I am, but I’m not buying anything just yet. I’d been covering basically all the expenses for both of us for the past year, until my BF got a job, so things have been rather tight. (Plus I am about to kill off the last bit of credit card debt in the next couple of months.) We would both like to have some kind of savings cushion in addition to a down payment, plus neither of us thinks the housing market has bottomed out yet, and I don’t think it will for at least a year or maybe two (confirmed by a fund manager friend of mine - even he is not ready to buy a place just yet for that reason, and he just had his second kid).

Except the markets are open today And doing quite nicely, thanks to Paulson deciding to invest in the banks (up > 550).

I agree that those of us who save and have no debt are going to get some good deals. There are going to be immense sales for Christmas, for instance, because people are cutting back. I also agree this might scare people into living on their incomes, not on their credit cards. Card debt has actually decreased, and the credit lines for people with debt are being cut.

But it is a real problem. There are legitimate business uses of debt, for instance for inventory, and state uses, such as revenue anticipation bonds, and the freeze is hurting this. It is not just a media scare story.

The NY Times has a nice interactive graphic showing how this latest downturn compares to all the others. As they put it, “the current bear market is already among the worst in history”.

You might be surprised at how few people actually have $3500 to put down on a car. The SOP for many people has been to buy a new car every few years, sometimes with no equity at all in their trade-in, just rolling each car loan into the next.

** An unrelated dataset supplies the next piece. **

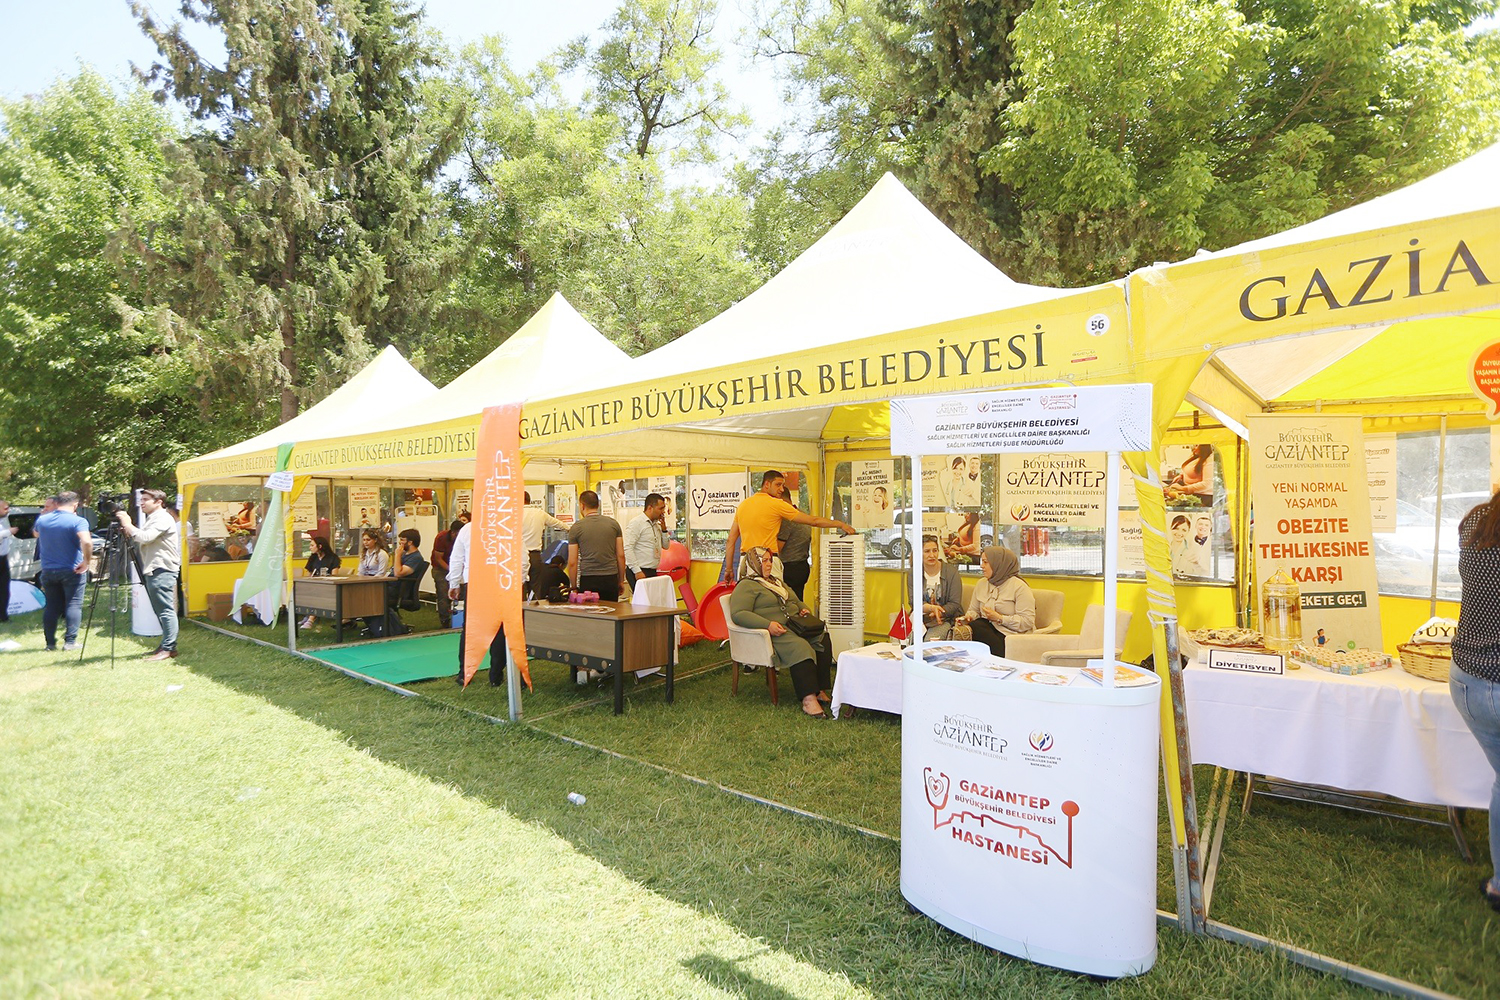 Gaziantep’te “obezite” temalı sağlıklı yaşam festivali

I was reading an article about the tough times for car dealerships, and it mentioned some weekend sales event where they had to keep turning people away if they couldn’t come up with $1000 for a down payment. Pretty much any car that runs is worth $1000, so that means they had no savings, and either had no car, or had 0 equity (or worse) in it.

We received this message this morning from the company president:

I’ve had a rough five years. There have been some positives, but many negatives as well. It’s left me a little gun-shy, even though I like my job and there’s lots of work. I hope ‘some growth’ continues.

As for my 401ks, I’m not looking at them. I looked at one a few weeks ago, and it was down 20%. No use looking at it really, as I have a couple of decades before I can touch it. I should get some advice on the current one. It seems a very good time to use my contributions (and the matching funds) to buy stock.